Long-term Strategy

Each turn should be a step in a larger plan, not a self-contained puzzle. 

tie turns together

Just as it's important to tie game systems together with interlinking, you should also try to tie turns together, into a bigger, unsolvable game.

You want players intuiting a long-term plan, not just getting the most benefit in a series of self-contained turns.

Permanent benefits make the players plan long-term. This is another benefit of ramps.

Delayed effects of all kinds are also good. Delays might seem strange or bad, but they strongly tie a turn into the following turns.
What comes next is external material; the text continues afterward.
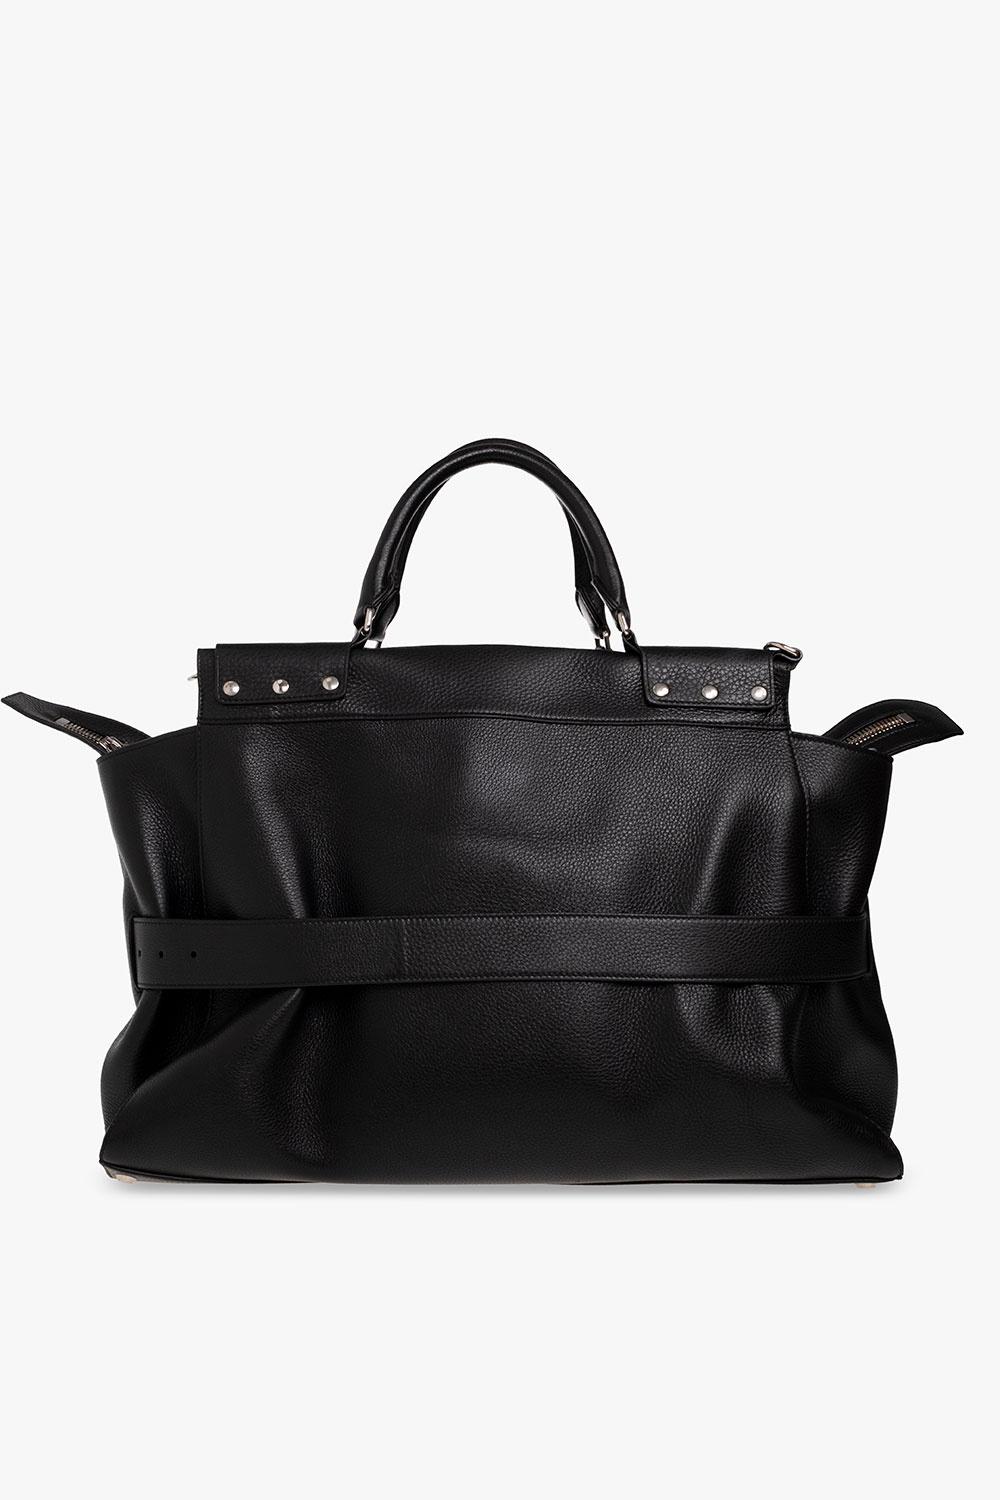 Balenciaga Trash Bag Large Pouch Black in Calfskin Leather - US

In Radlands, you can play "event" cards. Each one has a "time" value, and will take that many turns before its effect occurs. Also, when you put a person onto the table, you can't use their ability that turn.

"Money" is almost always a good thing. It should probably be in your game. And, make sure to include some expensive things in your game. Buying something big is also a "big move". Just letting players save up, is a very easy way to tie the turns together.

Anything that lasts beyond the current turn is good.

Sequential actions or a smorgasbord

Multi-stage actions are another way to tie the turns together. If it simply takes multiple turns to put all the pieces together, players must formulate a larger plan.

In Agricola, you just farm crops and animals, to produce food for your people. However, each of those two things is broken down thematically into many steps. To eat crops (efficiently), you need to get a grain token, plow a field, plant the grain in the field, wait for the harvest (whereupon you gain grain), get resources, buy an oven, and then bake the grain into bread. This very sequential gameplay means that you have to do the whole sequence, to gain any benefit. This makes Agricola a much more unforgiving, tense, and strategic game than most games in its category.

Hands of cards

Hands of cards do all kinds of good things, and should be present in most games. They can be great for long-term strategy. Just make sure the cards don't come and go too quickly.

Race for the Galaxy is a great game, but I think it leans a bit too heavily on the tactical side. To play cards, you pay for them by discarding other cards. This too often means that you're discarding your entire hand. This breaks the connection between turns. 

For most games, a steady drip of a new card per turn is good. It adds some uncertainty, and prevents concrete long-term planning. For games that revolve around the hand, turn that drip off, and force the player to play multiple turns without drawing a new card.

In Libertalia, players have a hand of nine cards. Each is a pirate ship crew member. Each player plays one of these cards face-down onto the ship, then they're turned over, and they interact, in amusing ways. Many also interact with the characters the player has previously played, which helps tie the turns together even more.

Another key point here is that the players do not draw a replacement card. They play a total of six cards this way, and then draw six new ones. This forces the players to plan out their hands, as they'll have to play six of the cards, in some order. If players simply drew a replacement card each time, they couldn't and wouldn't plan this way.